To update the template

  1. Make any required changes to the trophic groups, life stage codes or concentration endpoints reference data.
  2. Edit the inst/template/template-data-data.csv and inst/template/template-data-instructions.csv files.
    • Do not edit the file inst/template/template-data.xlsx.
  3. To regenerate the template run the script data-raw/template.R.
  4. Review the inst/template/template-data.xlsx to confirm the edits came through and the template looks as expected.
    • Do not edit the file inst/template/template-data.xlsx.

Updating Reference Data for the Database

Process

  1. Ensure you have the most recent copy of the database with the reference files added. To do this run the function wqb_create_data_set().
wqb_create_data_set(
  file_path = "~/Ecotoxicology/ecotox",
  version = 1,
  folder_path = "~/Ecotoxicology/ecotox_db/"
)
  1. Execute the code in the script scripts/review-reference-datasets-01.R.

    • This script will generate and save a set of csv files that need to be reviewed and updated to allow new values through the data cleaning steps.
    • At the top of the script you will need to set the file path for the database and the location to save the files that are generated.
  2. After the files are generated, they need to be reviewed and updated by a technical expert.

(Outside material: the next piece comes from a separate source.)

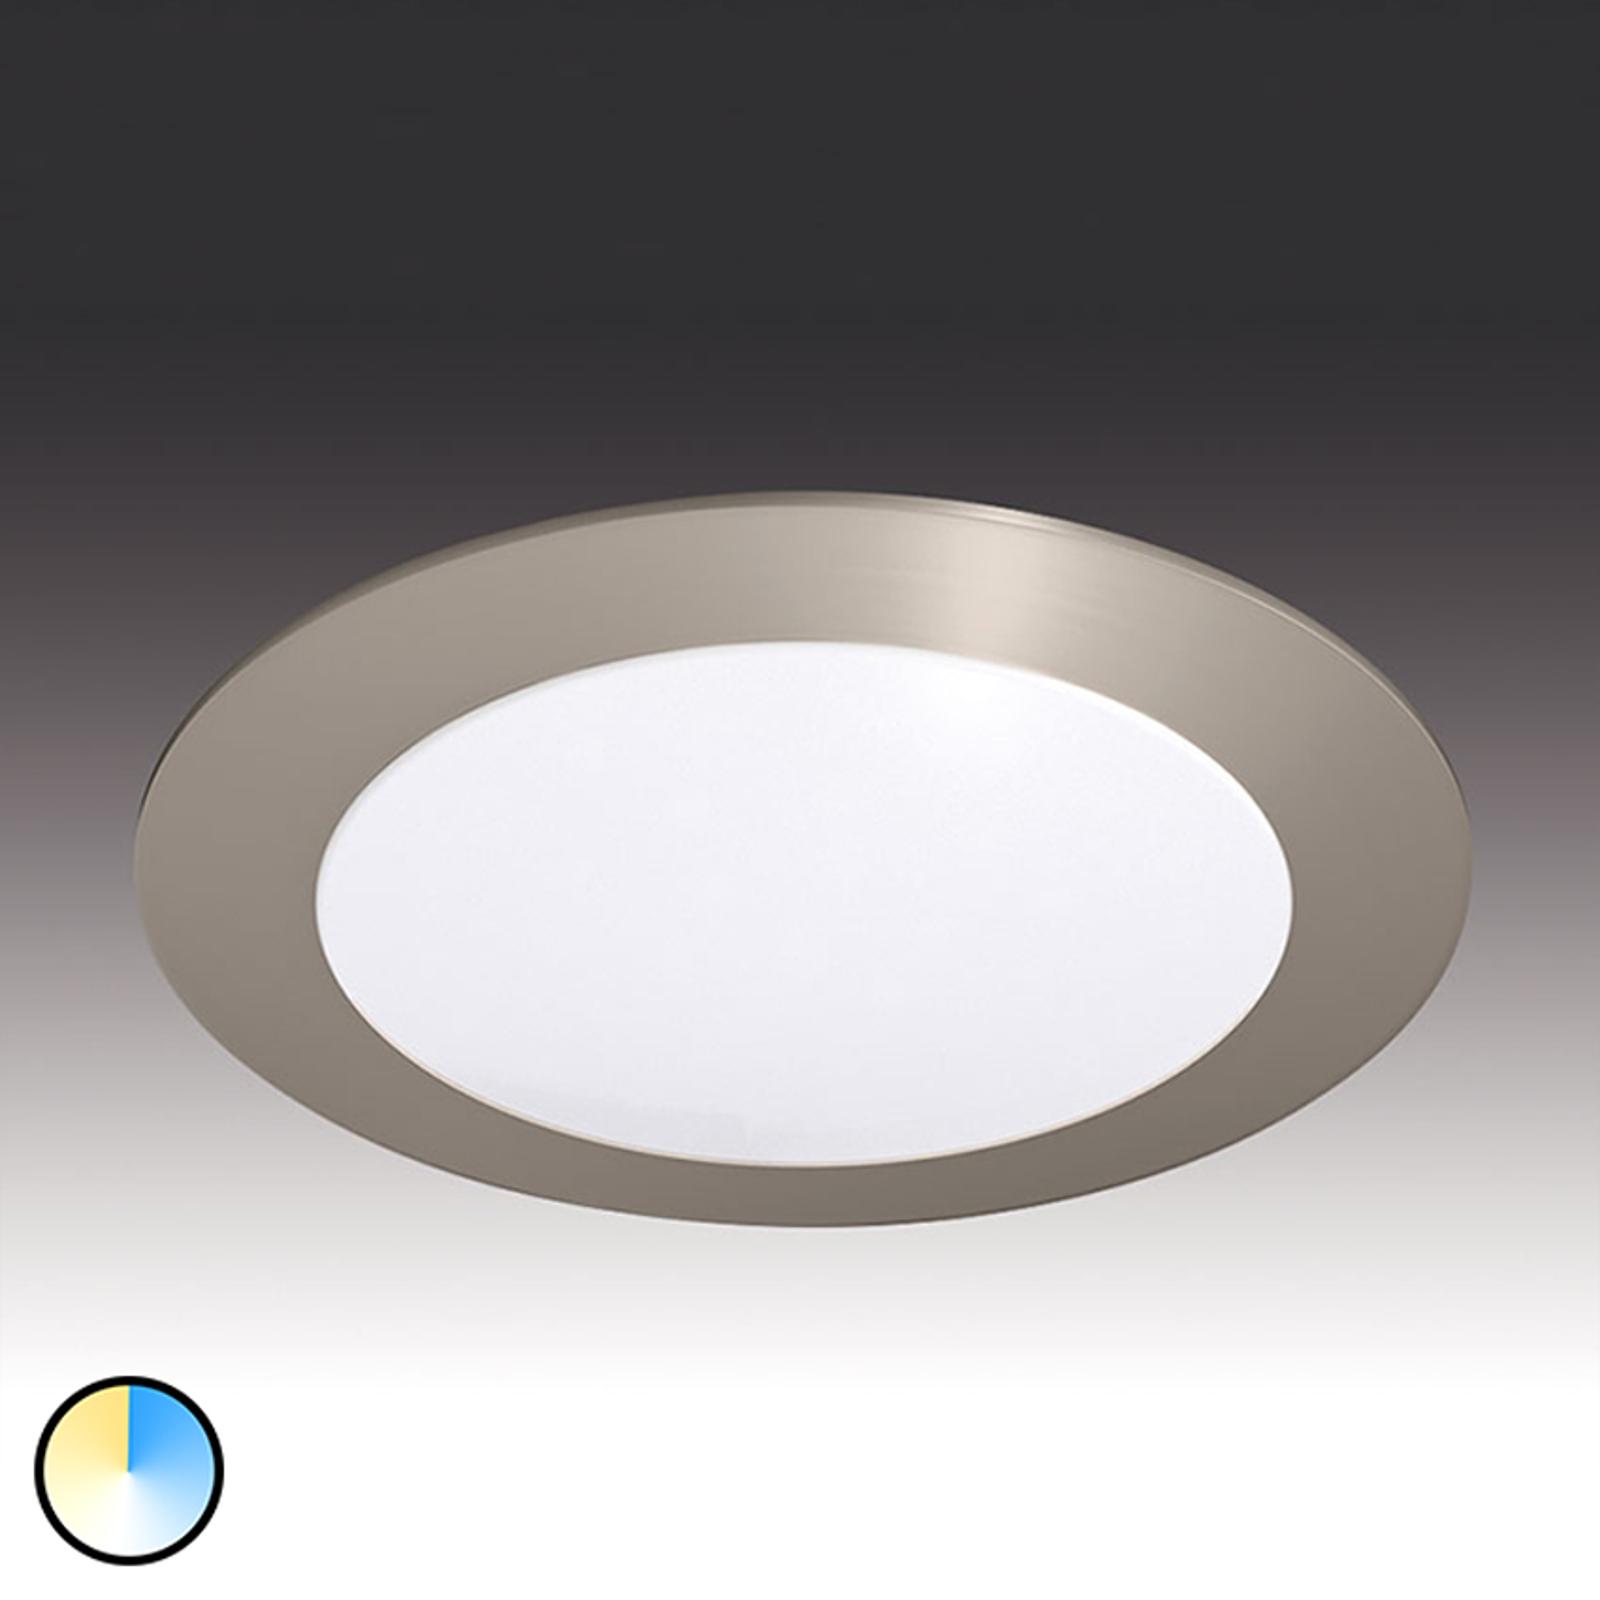 Lampe encastrable LED ronde Dynamic FR 68-LED

    • It is recommended to email them to the appropriate person for their review.
    • The next step must wait until the review is complete.
    • The life stage code file can’t be reviewed until after the trophic groups have been updated.
  3. Once the files are reviewed the script/update-reference-datasets-01.R script needs to be run.

    • This will read in the reviewed files and update the reference files in the inst/extdata folder.
  4. The package needs to be re-built for the files to be part of the package.

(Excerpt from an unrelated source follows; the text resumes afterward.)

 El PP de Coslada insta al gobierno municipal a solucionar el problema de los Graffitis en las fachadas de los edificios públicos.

  5. Run the wqb_create_data_set() function to create the database with the new reference data.

  6. Repeat steps 2 through 6 but run scripts/review-reference-datasets-02.R and script/update-reference-datasets-01.R.

    • The life stage codes have to be generated seperately as they are based on the trophic groups. The trophic groups need to be updated before life stage codes can be reviewed.

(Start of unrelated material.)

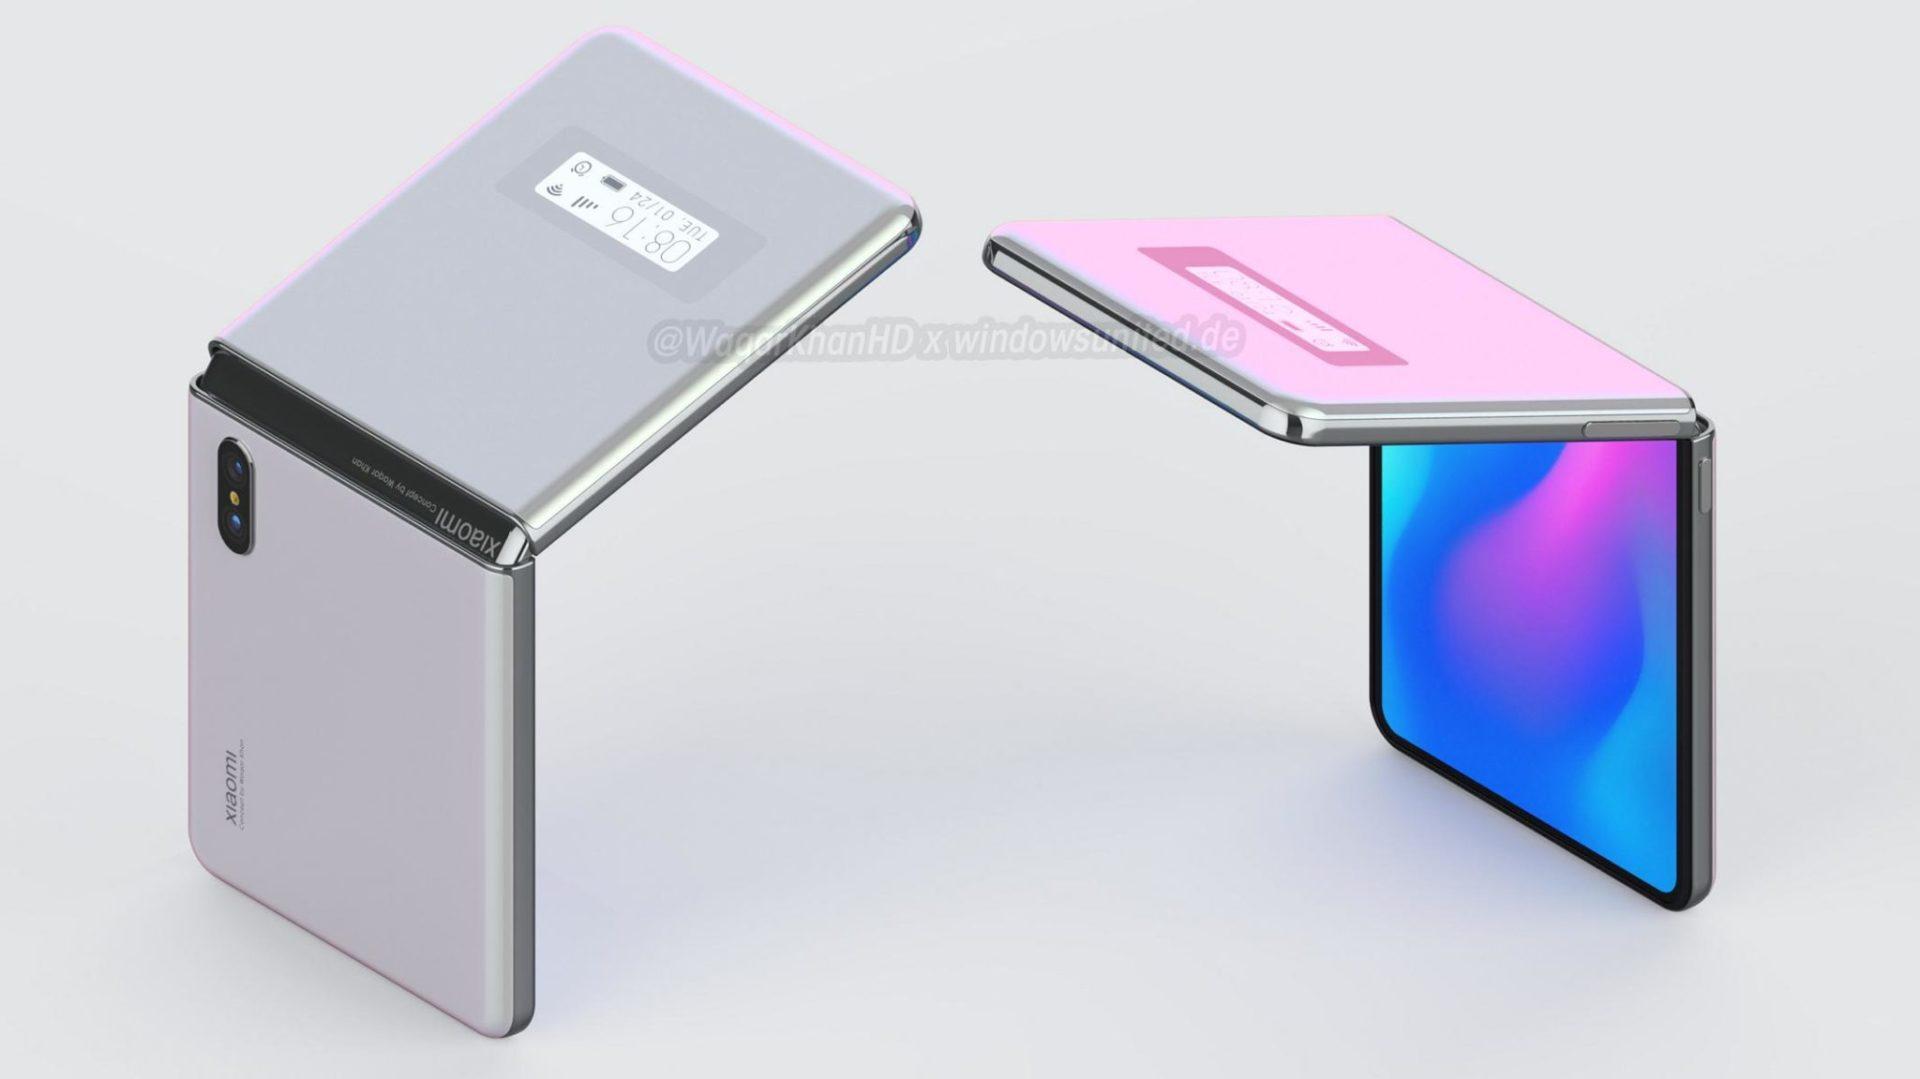 Xiaomi cəlbedici bir cihazda çalışır 2

Below are instructions for how to fill out and complete each of the reference files.

Responsibilities

Programmer/Analyst

  • Generate reference files.
  • Send to technical expert for review.
  • Receive updated reference files.
  • Review updates to ensure they are compliant with rules.
    • Make sure checks pass in update-reference-dataset.R script.
    • Review all changes generated in the daff reports.
    • Communicate with technical expert as needed.
  • Update package with new reference data.
  • Check reference data can be integrated into the ECOTOX data.

Technical Expert

  • Review and update reference files.
  • Follow instructions for how to fill out and complete updates.
  • Send reviewed/updated reference files back to programmer.

Concentration Conversion

This data set should be reviewed each time a new version of the ECOTOX database is released.

  • If there is no value in the conc_conversion_flag column this indicates it is a new concentration unit that was not in the previous version of the database.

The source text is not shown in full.